Imagine the costs the system will incur if he decides to go delinquent and deal drugs, crash cars, etc.
Yeah, those costs, your money not mine, could be saved.
But nobody is seeing the current circumstances that predict future behavior.

3 comments:

Heather said...

ugh. i'm sorry. i know that you are doing the best you can for xander. but of course as mom's we will always worry about our children and the effect that our drama's will have on them.

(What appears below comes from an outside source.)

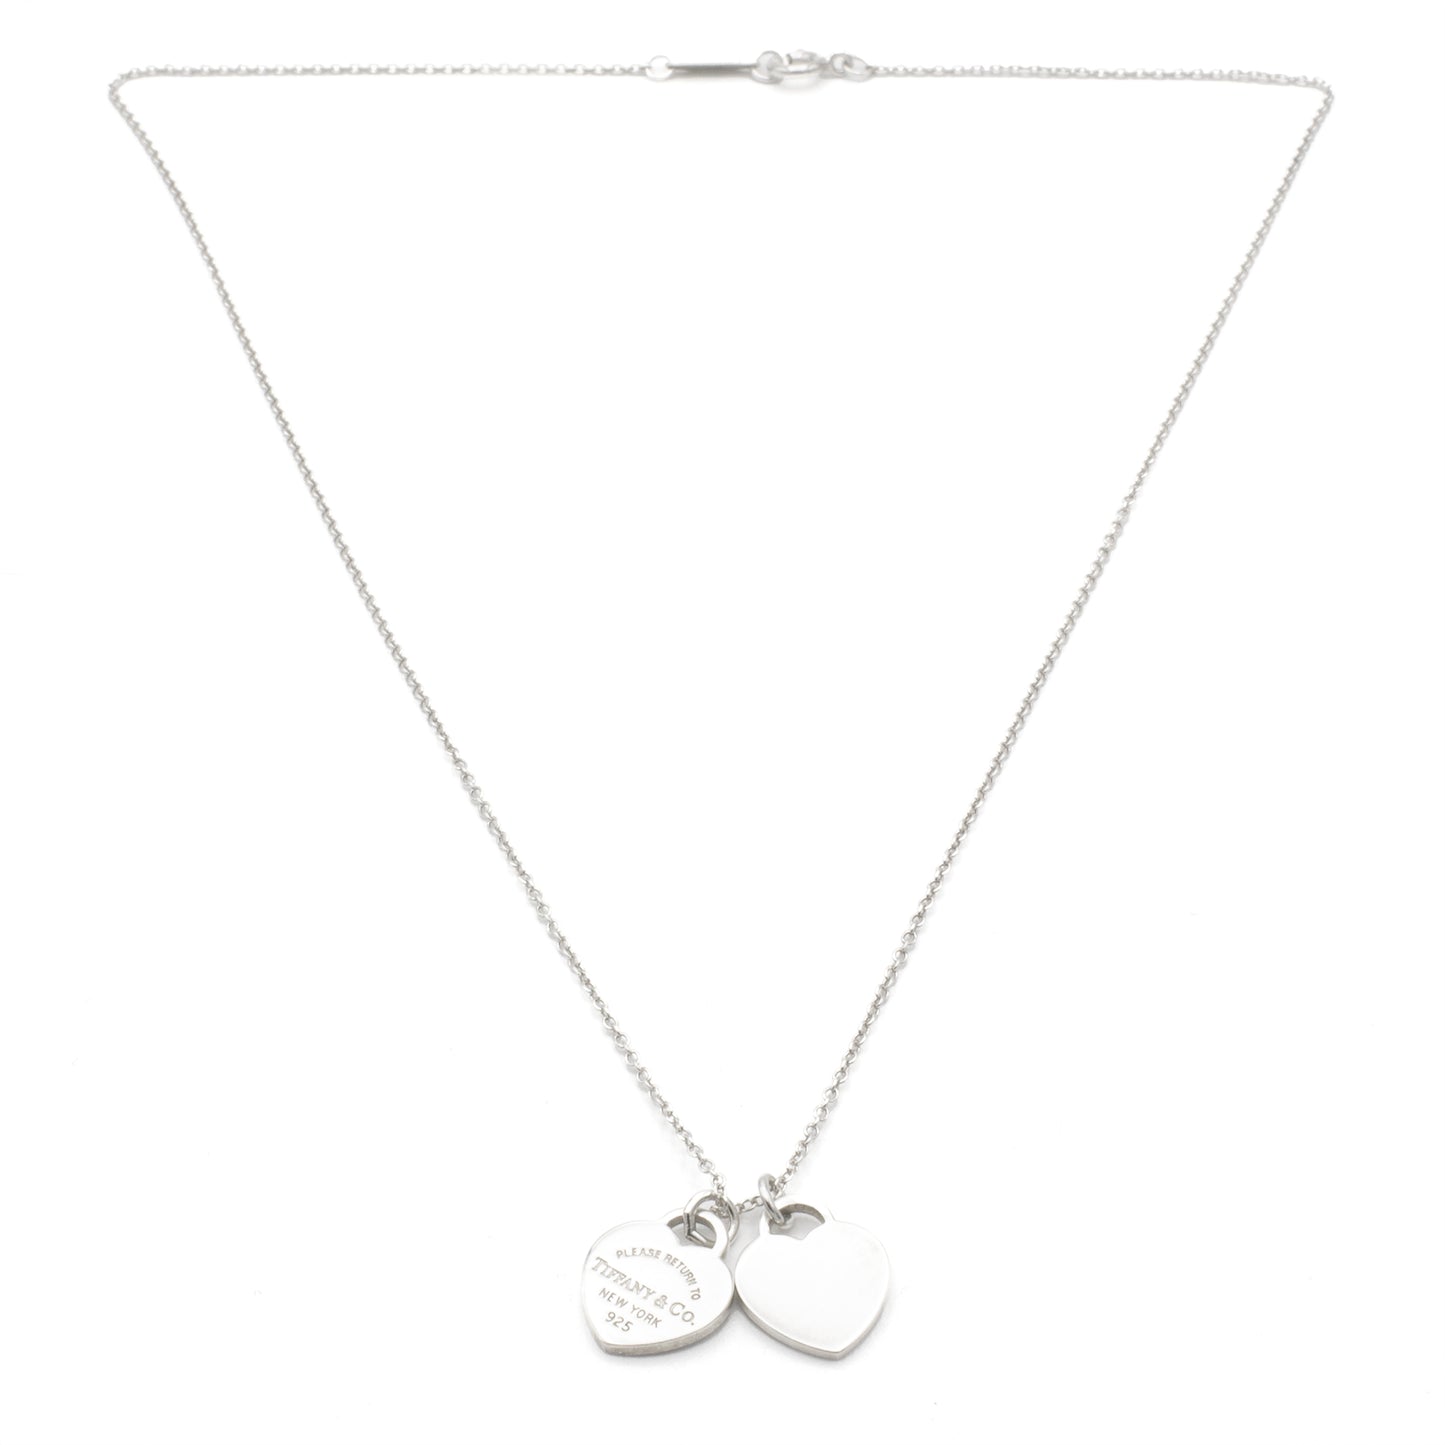 Tiffany & Co Return to Tiffany necklace

and i can relate so much to what you have said about being a nurse at a hospital and now how it is... and how the "free" programs are not available to us because well, our families are trying to do the right thing.

it really stinks.

Dani said...

I so hear you, that is the only reason we have not been able to bring E back to therapy we have such a huge bill right now still we can't catch up it just too much....

andyson said...

You think medical care is a problem, we're trying to sell a condo and get back what's owed on it in this economy - no profit, just what we owe. If neither of us worked, we could declare bankruptcy and not have that debt, but because we're normal, hard-working, upright citizens, we get screwed.

Can't you use your new-found international fame and make some drastic changes in how this country works? Or have I taken too much pain meds tonight?

As always, good, thoughtful and insightful post to how things are broken here in America.